¹ Geosciences, Austin Peay State University, P.O. Box 4418, Clarksville, Tennessee 37044; deibertj{at}apsu.edu
² Geosciences, Austin Peay State University, P.O. Box 4418, Clarksville, Tennessee 37044; camillerip{at}apsu.edu

Jack Deibert is an associate professor of geology at Austin Peay State University with research interests in clastic sedimentology, sequence stratigraphy, basin analysis, and sedimentation and tectonics. He received his B.S. degree from Sonoma State University, his M.S. degree from the University of Nevada–Las Vegas, and his Ph.D. from the University of Wyoming.Phyllis Camilleri is a professor of geology at Austin Peay State University with research interests in the structure, tectonics, and metamorphism of continental rifts and convergent orogens. She received her B.S. degree from San Diego State University, her M.S. degree from Oregon State University, and her Ph.D. from the University of Wyoming.

Incised valleys in extensional lacustrine systems should be common and significant petroleum targets, yet documentation and analysis of these systems are limited and, hence, so are predictive models for their location. Geologic mapping of the Miocene–Pliocene Humboldt Formation in Knoll basin, northeastern Nevada, has revealed a significant incised-valley system formed along the lacustrine margins of an extensional basin. The valley formed during a relative lake-level fall and incised into lacustrine shoreface and offshore sandstone and subsequently was filled with fluvial and eolian sediment as lake level rose. The valley's location was tectonically influenced; it is situated in the hinge zone of a syncline near the tip of the range-bounding fault system. Folding of the syncline was broadly synchronous with incision and filling, and it appears to have localized the valley along the topographically low hinge zone. Furthermore, the large relative lake-level change that produced the valley is only recorded in strata in the syncline area, suggesting that the location and cause of incision was greatly influenced by tectonics. Thus, the location of similar incised valleys in other extensional basins may be predictable if comparable tectonic features and processes are recognized.

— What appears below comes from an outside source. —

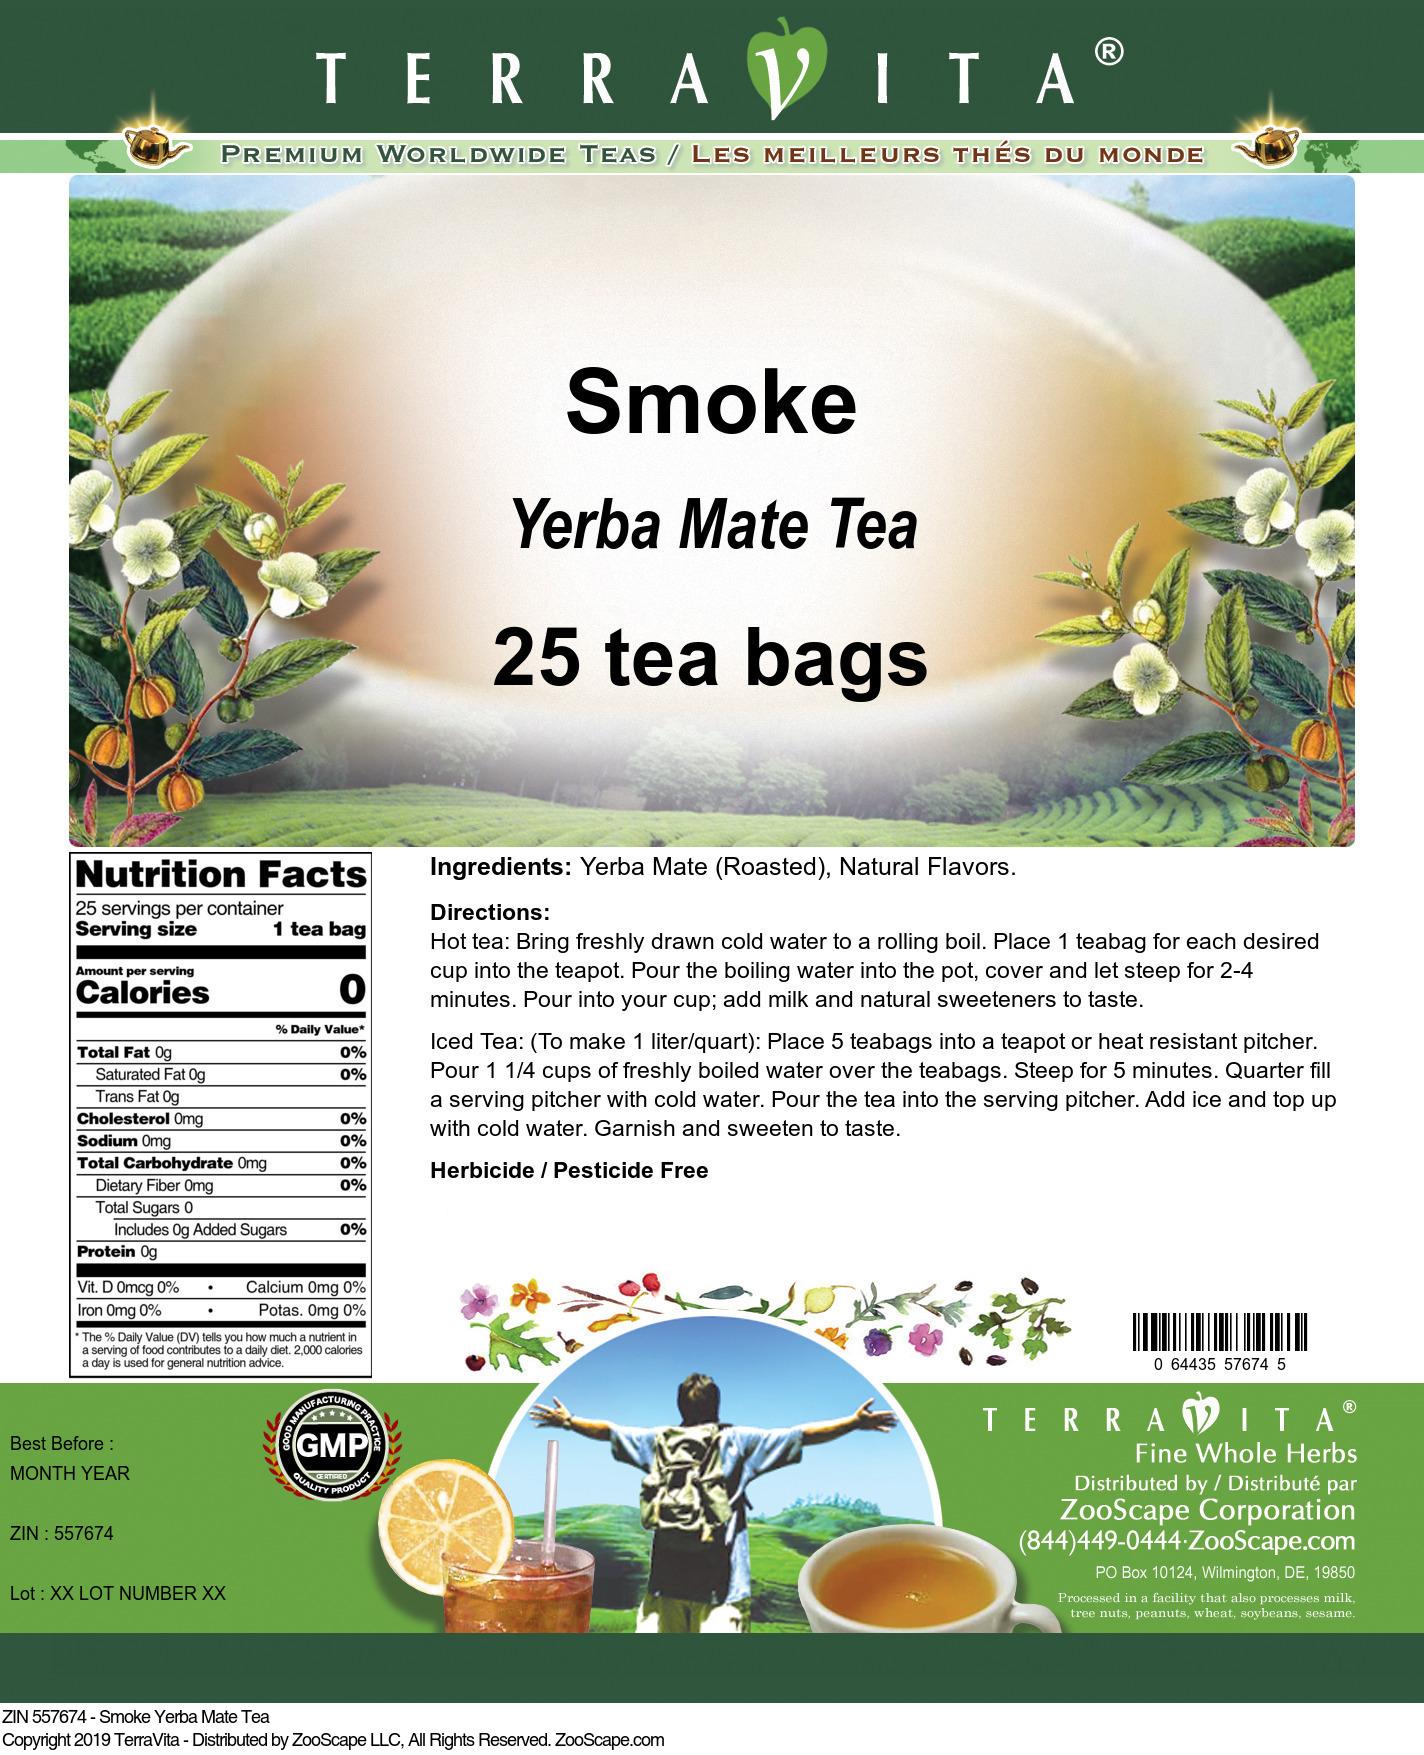 Smoke Yerba Mate Tea

Our study suggests that the best locations to develop and preserve incised valleys are near the tips of normal faults during periods of overall high tectonic subsidence. Specific areas along basin-bounding faults where tectonically influenced incised valleys are more likely to form include fault-propagation folds, synthetic relay ramps near transfer faults, and areas that have large changes in fault slip. Although lake volume changes caused predominantly by climate change can be an important factor in producing incised valleys, tectonically influenced incised valleys are likely to be larger, better preserved, and more petroleum prone compared to climate-controlled incised valleys.